Below is the first of my interviews with prominent people who have chosen a veggie or vegan life.
First up, Juliet Gellatley BSc, Dip CNM, Dip DM, FNTP, NTCC

Founder & Director
Viva! and Vegetarian & Vegan Foundation www.viva.org.uk
1. What made you become a veggie / vegan? (Which are you?)
I'm vegan now but I was 15 years old when I decided to first become a vegetarian. It wasn't the outcome of argument or debate, or the process of intellectual investigation, not to begin with at any rate. It was because of a look.

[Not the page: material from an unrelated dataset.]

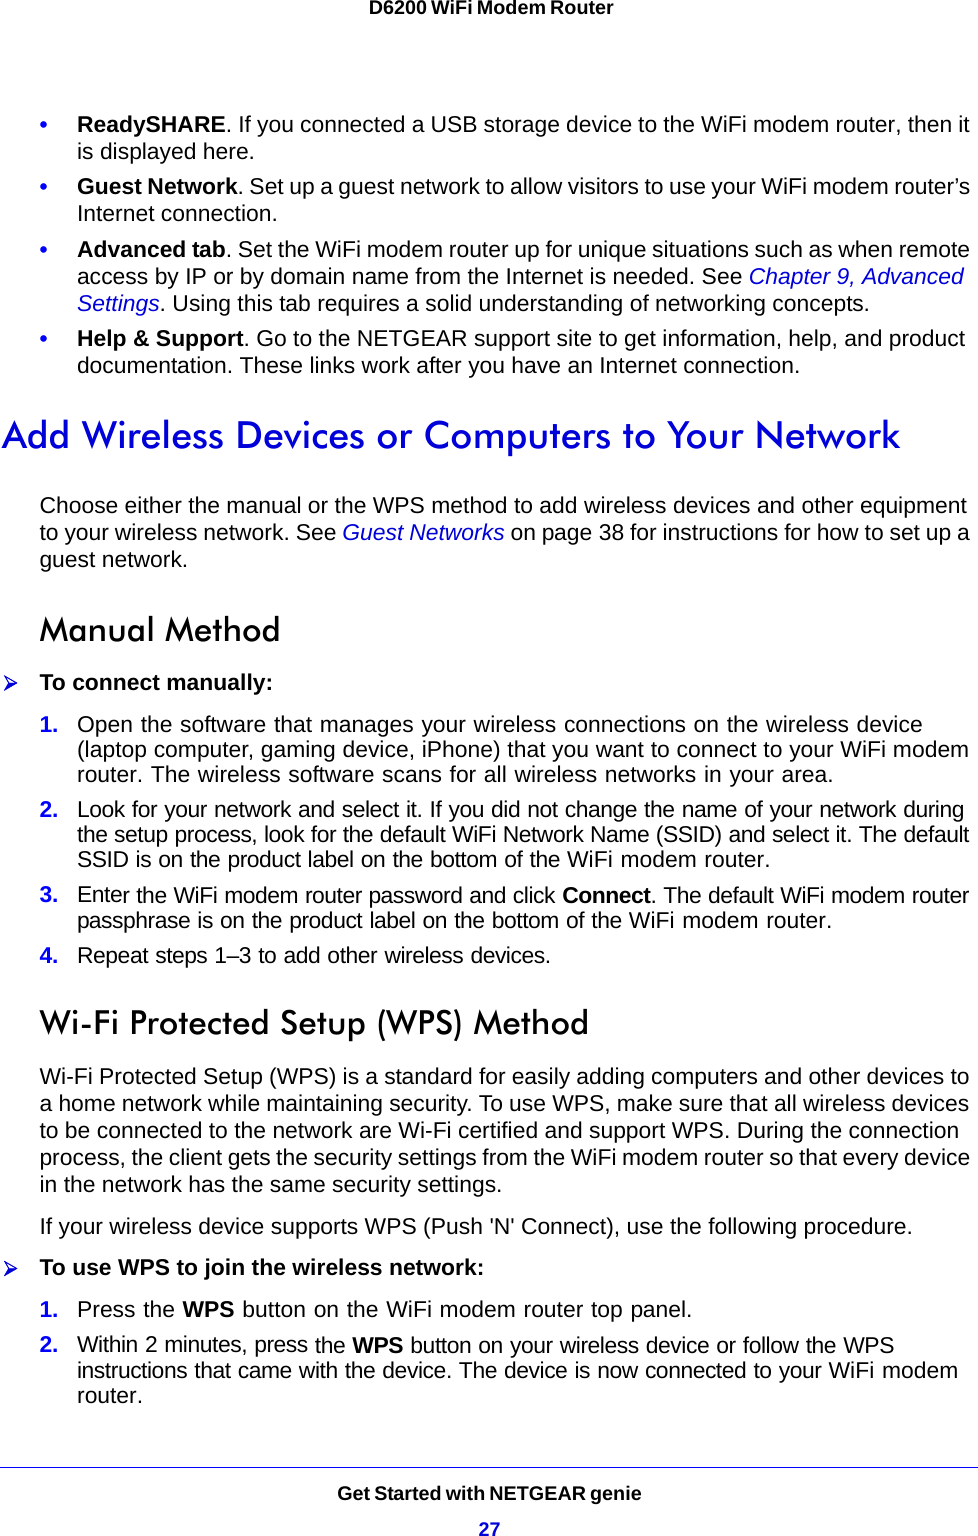 Get Started with NETGEAR genie27 D6200 WiFi Modem Router•ReadySHARE. If you connected a USB storage device to the WiFi modem router, then it is displayed here.•Guest Network. Set up a guest network to allow visitors to use your WiFi modem router’s Internet connection.•Advanced tab. Set the WiFi modem router up for unique situations such as when remote access by IP or by domain name from the Internet is needed. See Chapter 9, Advanced Settings. Using this tab requires a solid understanding of networking concepts.•Help &amp; Support. Go to the NETGEAR support site to get information, help, and product documentation. These links work after you have an Internet connection.Add Wireless Devices or Computers to Your NetworkChoose either the manual or the WPS method to add wireless devices and other equipment to your wireless network. See Guest Networks on page 38 for instructions for how to set up a guest network.Manual MethodTo connect manually:1. Open the software that manages your wireless connections on the wireless device (laptop computer, gaming device, iPhone) that you want to connect to your WiFi modem router. The wireless software scans for all wireless networks in your area.2. Look for your network and select it. If you did not change the name of your network during the setup process, look for the default WiFi Network Name (SSID) and select it. The default SSID is on the product label on the bottom of the WiFi modem router.3. Enter the WiFi modem router password and click Connect. The default WiFi modem router passphrase is on the product label on the bottom of the WiFi modem router.4. Repeat steps 1–3 to add other wireless devices.Wi-Fi Protected Setup (WPS) MethodWi-Fi Protected Setup (WPS) is a standard for easily adding computers and other devices to a home network while maintaining security. To use WPS, make sure that all wireless devices to be connected to the network are Wi-Fi certified and support WPS. During the connection process, the client gets the security settings from the WiFi modem router so that every device in the network has the same security settings.If your wireless device supports WPS (Push &apos;N&apos; Connect), use the following procedure.To use WPS to join the wireless network:1. Press the WPS button on the WiFi modem router top panel.2. Within 2 minutes, press the WPS button on your wireless device or follow the WPS instructions that came with the device. The device is now connected to your WiFi modem router.

A student friend was working on an agricultural project and needed to visit a model farm. I went along for the ride. My vague notions of stack yards, scattered straw and wandering animals disappeared instantly. There were no animals to be seen, only a collection of ugly, windowless, industrial buildings which could just as easily have been do-it-yourself stores or engineering workshops.

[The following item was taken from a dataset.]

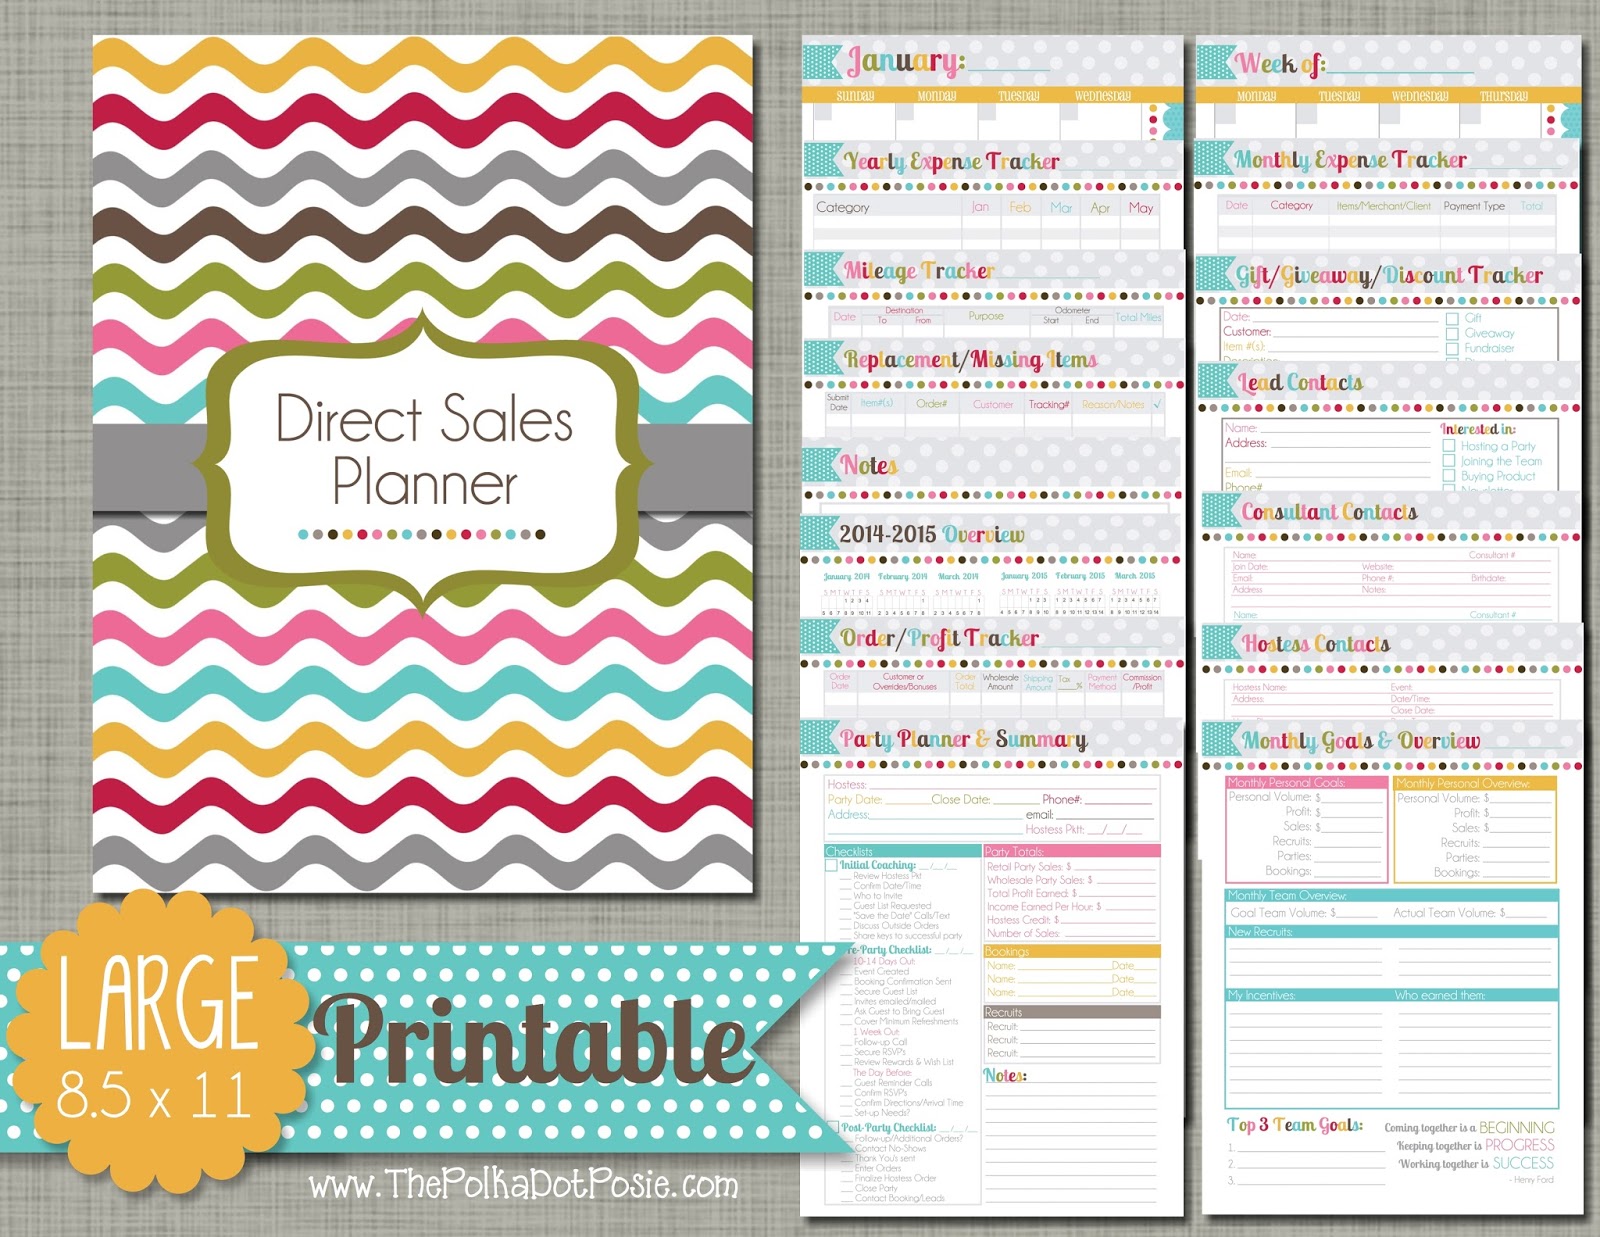 The Polka Dot Posie Direct Sales Planner Instructions For Printing

We started in the pig house. As soon as I walked through the door, in an atmosphere cloyingly warm and damp and laced with the smells of 100 defecating pigs, the first nagging unease began to gnaw at me. There were no cosy sties, no wallowing contentment, just row upon row of individual concrete stalls, each pig separated from its neighbours, unable to touch them despite being only centimetres away.
These pigs, I was informed, were the breeding stock, the pregnant
sows who would provide two and a half litters of piglets every year,
each litter frequently running to double figures. Ahead of each creature
was nothing but iron bars to which were clipped feeding troughs.
Beneath their feet was slatted metal through which most of their excreta
would hopefully drop. However, when they urinated it splashed up from
the floor, wetting the sides of the stall and the pigs' legs and belly.
They would eventually lie down in it. I noticed that any movement tended
to result in a scrabble to maintain a firm footing.
At the farm I visited, the poor creatures had given up the fruitless struggles of resistance. They had no option. The effect of their barren and sterile existence was obvious to see. Many of them exhibited a syndrome known as 'stereotypic behaviour', moving their heads backwards and forwards in an exact and constantly repeated motion, gnawing on their bars in a particular and regular way with the precision of a metronome.
Many of the pigs I was looking at had quite literally gone mad.
As I stood there and watched the sows in their endless boredom, I could appreciate what a superb example it presented of accountancy and veterinary skills combining to reduce waste, to maximise profit, optimize food intake and reduce staffing. In the planning, design and construction of this model plant every question had been asked and answered except one: what about the animals?
For creatures with such a strong sense of community, active and sociable, the decision to imprison them in solitary and idle confinement denies them even a semblance of their natural existence. Such a policy reflects our greed and lack of compassion. Pigs have become a product, have been manipulated and specially bred to produce particular types of meat. Ones with especially long backs produce more bacon rashers; ones with sturdy hocks produce better hams. The dominance of money, the logic of efficiency, the adulation of profit are epitomized in the pig-breeding shed.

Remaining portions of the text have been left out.